164 hand-written Python programming problems released by OpenAI in 2021. Each problem includes a function signature, docstring, and test cases. Models generate the function body, which is executed against the tests.

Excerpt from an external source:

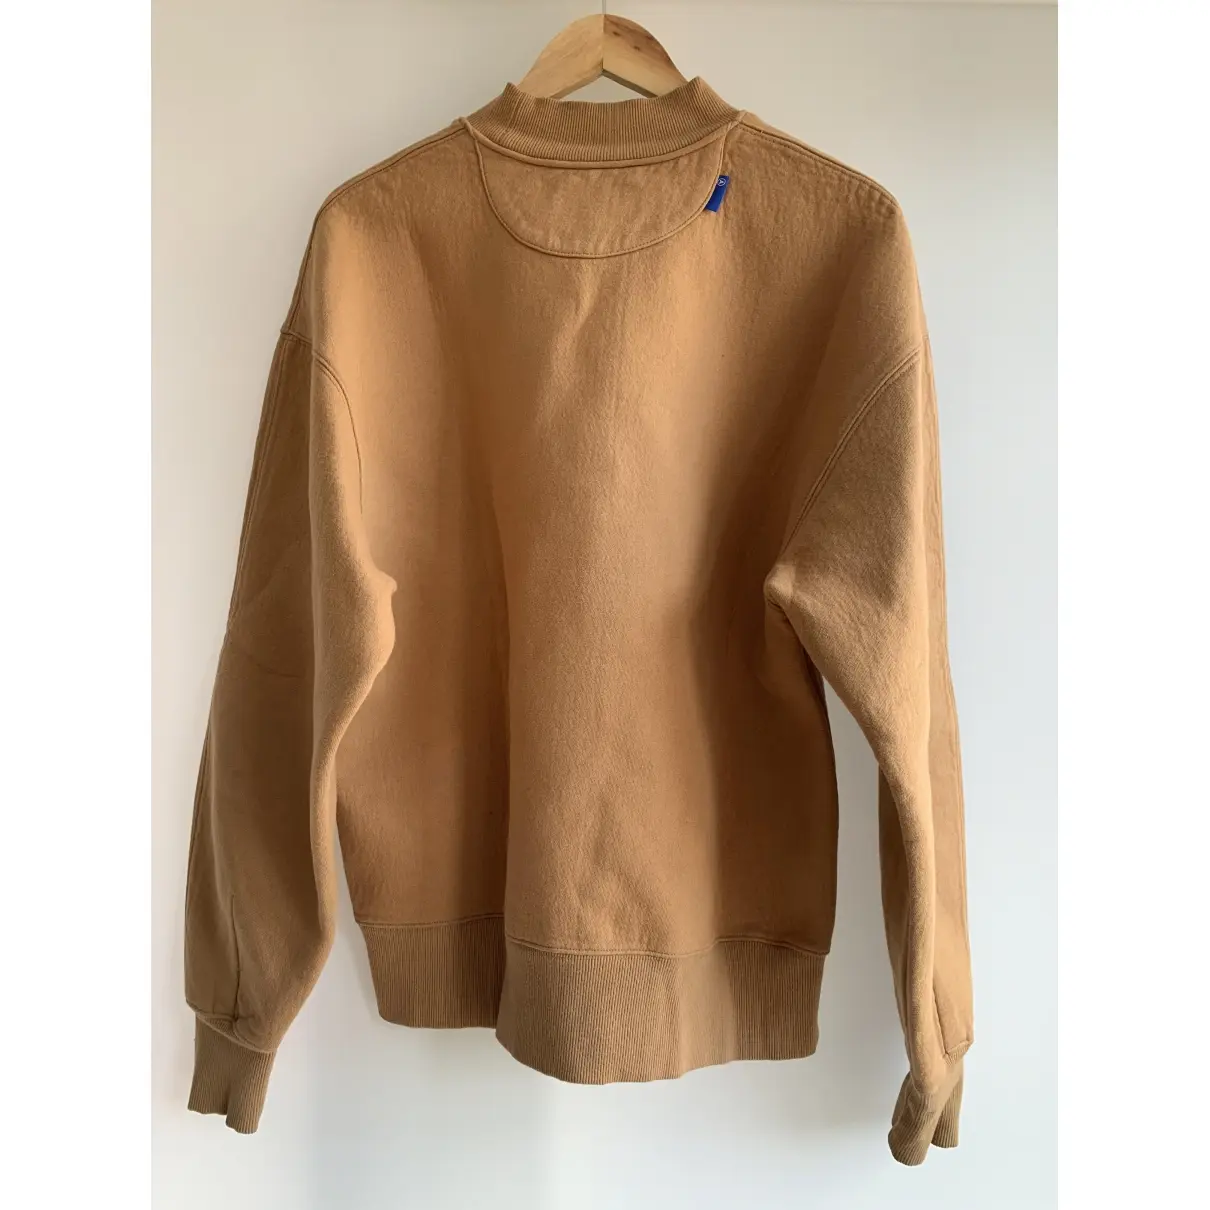 Buy Ader Error Camel Cotton Knitwear & Sweatshirt online
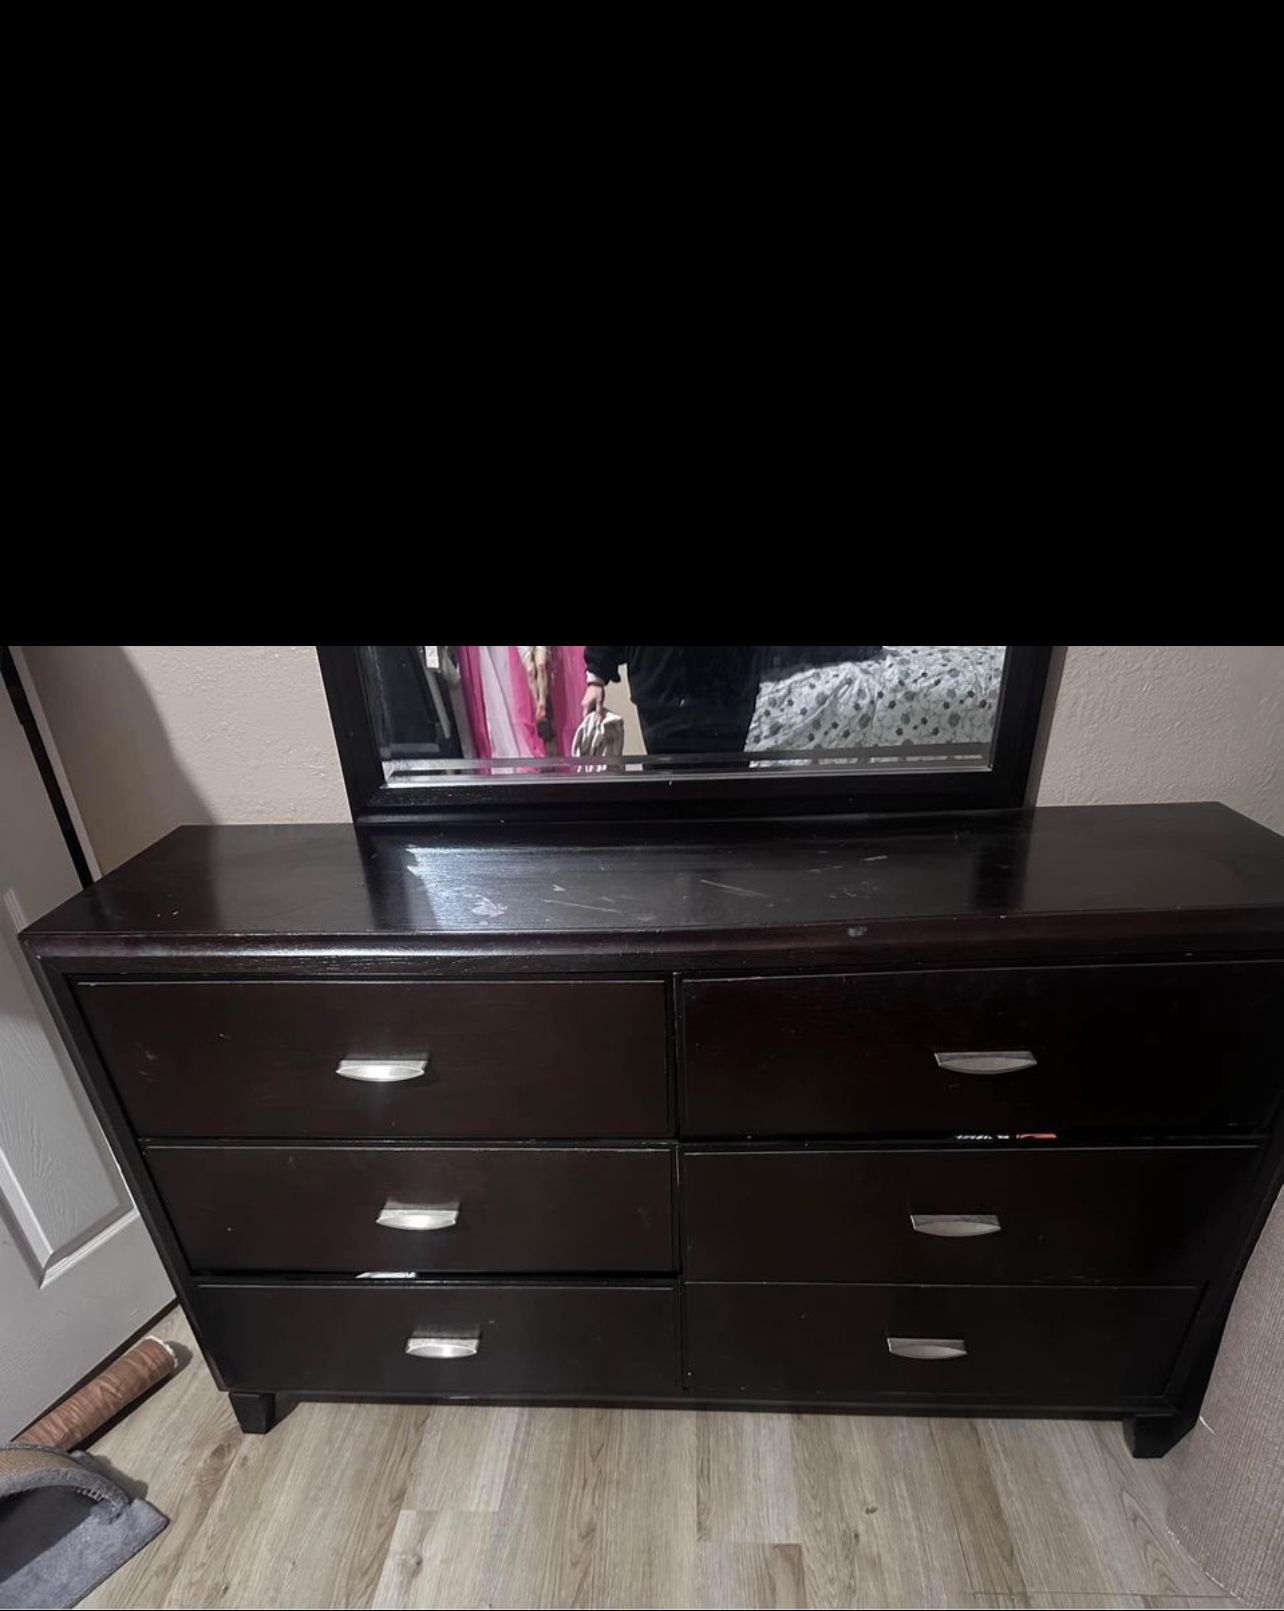 Furniture Queen Sz Bed W/dresser

~500 Python tasks collected from crowd workers by Google Research. Problems are simpler than HumanEval — string manipulation, list operations, basic math. Useful for evaluating small and mid-sized models that struggle with harder benchmarks.
With scores above 95%, the benchmark no longer separates frontier models. All GPT-4-class models are essentially tied. LiveCodeBench uses live contest problems to avoid contamination and provides meaningful signal for current models.